Antipatterns (e.g. what doesn’t work)¶
A community survey of the ESIP Cloud Computing Cluster noted the following antipatterns in cloud data:
Large granule sizes with no means to subset those granules, requiring full-file transfers.
Storing data uncompressed, which can increase performance but double cost.
Lift and shift, which fails to make use of the cloud’s elasticity and highly scalable storage while also ignoring changes in access performance.
Large central file mounts, which create scalability and performance issues
Persistent processes, especially inelastic one. Scientific workloads tend to have high variability in demand and require attention to scaling to provide burst performance without inordinate cost
Requiring many requests in order to read a file, e.g. due to chunk sizes that are too small compared to the overall access size, which create significant network chatter
Web-based portals instead of direct programmatic data access, which limits automated activity and scalability while returning too many results
Failing to cache for repeat access, both client- and server-side, and particularly in service outputs which are expensive to produce and need idempotency
Putting workflows on the client, which creates significant back-and-forth network traffic
Allowing for unconstrained spatial queries of full detail
Glaciering data without a defined thawing process, with ownership of associated costs
Extracting time series from thousands of one-time-step files
Hierarchical data tree walks, which tend to be slow and prone to runtime errors (e.g. netCDF/HDF groups?)

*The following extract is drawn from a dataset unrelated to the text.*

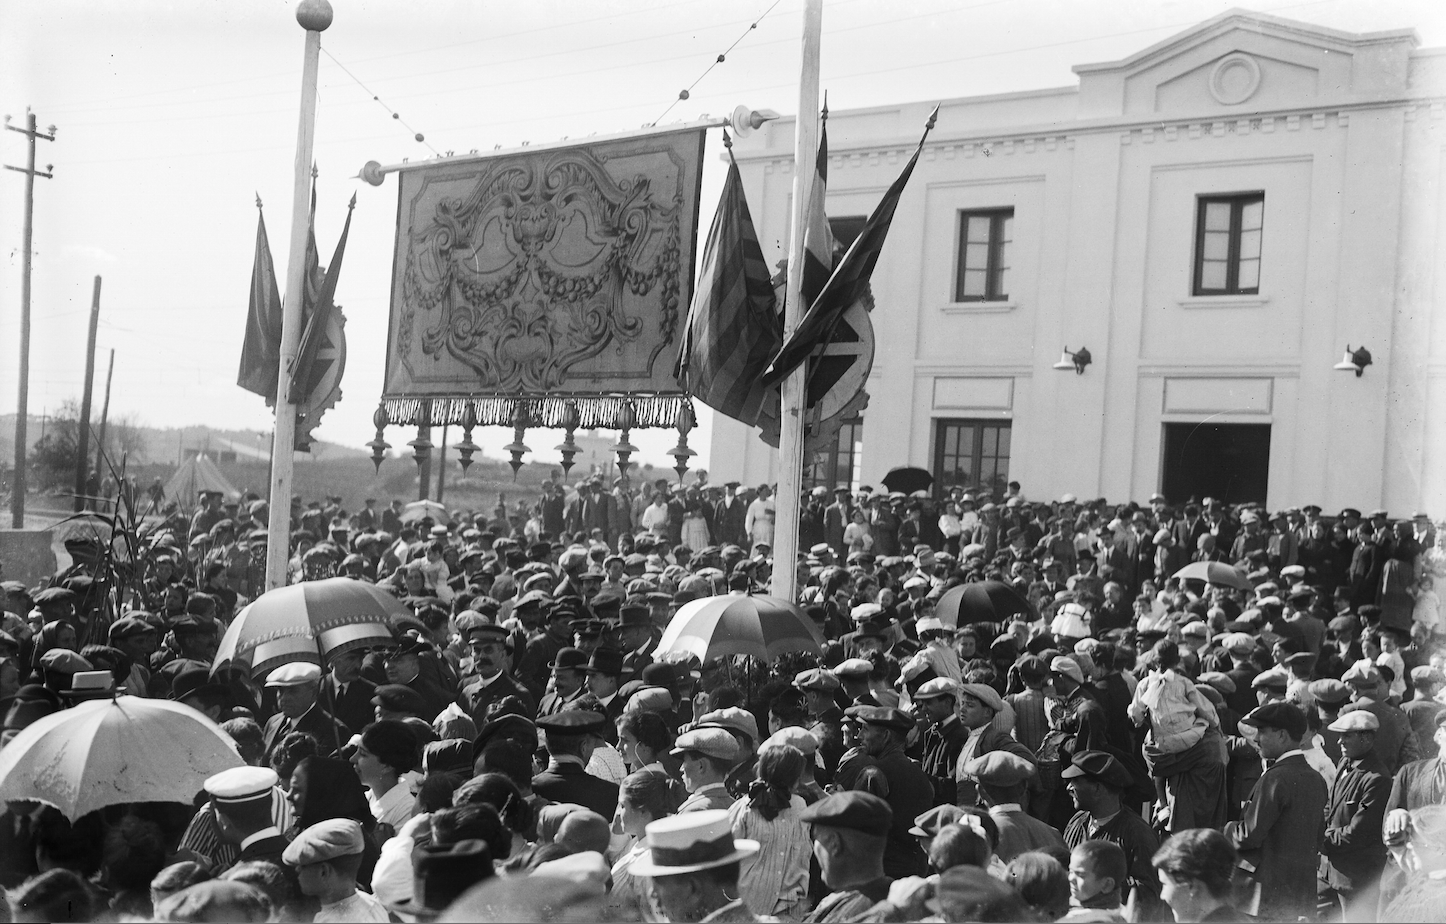 La inuguració de l'estació de Sant Cugat va reunir tots els santcugatencs FOTO: Arxiu FGC
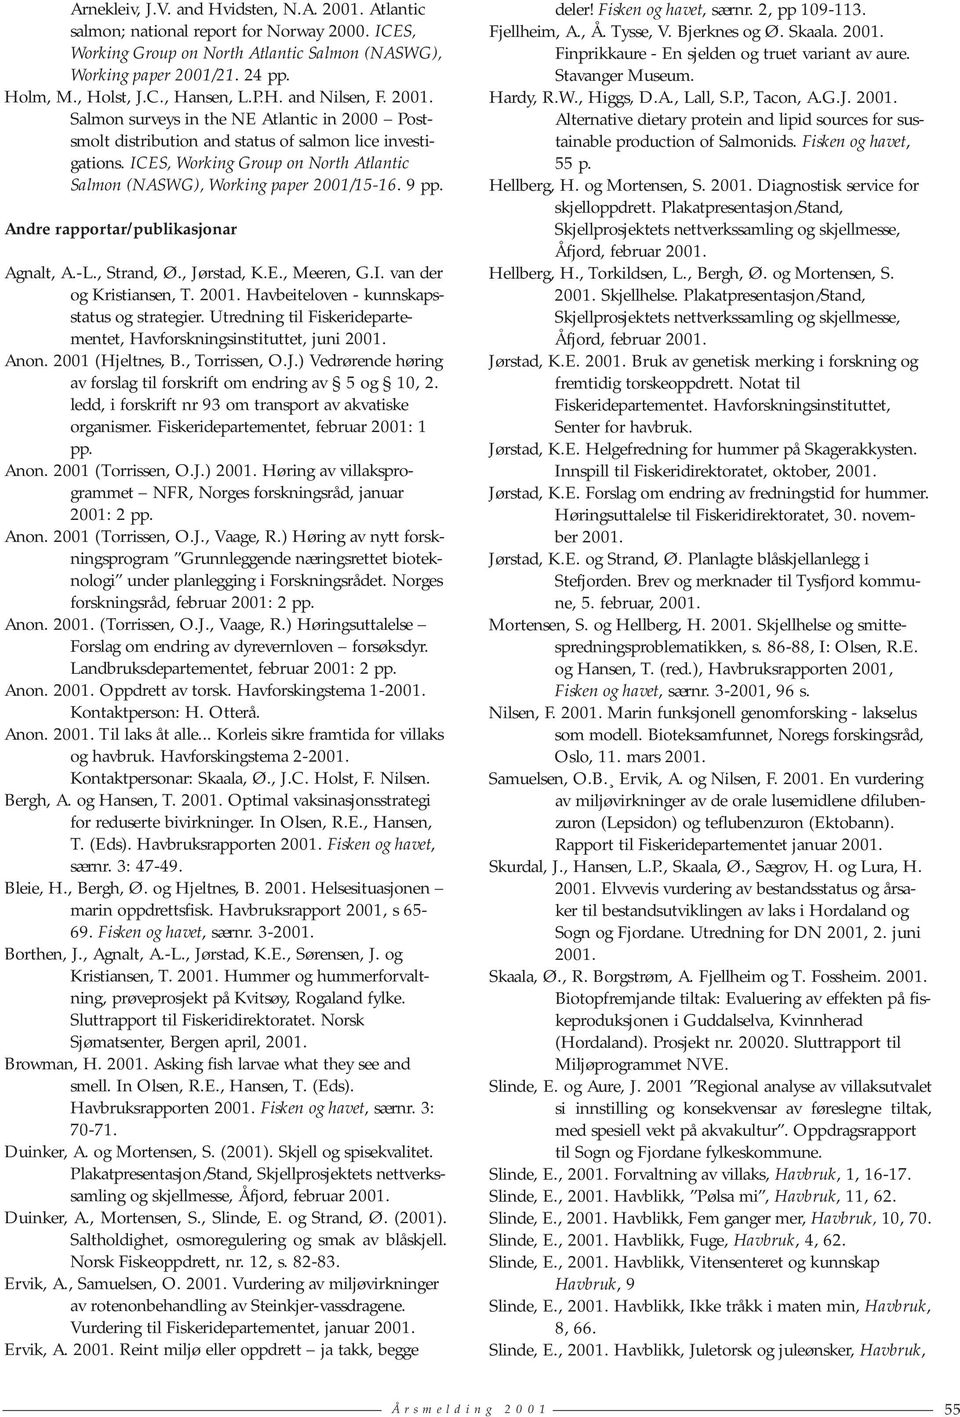 ICES, Working Group on North Atlantic Salmon (NASWG), Working paper 2001/15-16. 9 pp. Andre rapportar/publikasjonar Agnalt, A.-L., Strand, Ø., Jørstad, K.E., Meeren, G.I. van der og Kristiansen, T.

Scattering metadata all over the place in the dataset
Making “one-time” chunking scheme, variable or projection decisions for all end users (seems like this should be configurable for different users and different use cases)
Data without metadata and metadata APIs: Data is on the cloud but people can’t understand it without downloading it
Storing related files in zip, tar, or similar formats not well-suited for partial file reads and spatiotemporal access
Serving data with no provision for partial-file access
Compressing data with unconventional (non-default, difficult to find/install) compressors.
Everyone, data producers and data users, needing time to learn new tools and data access methods.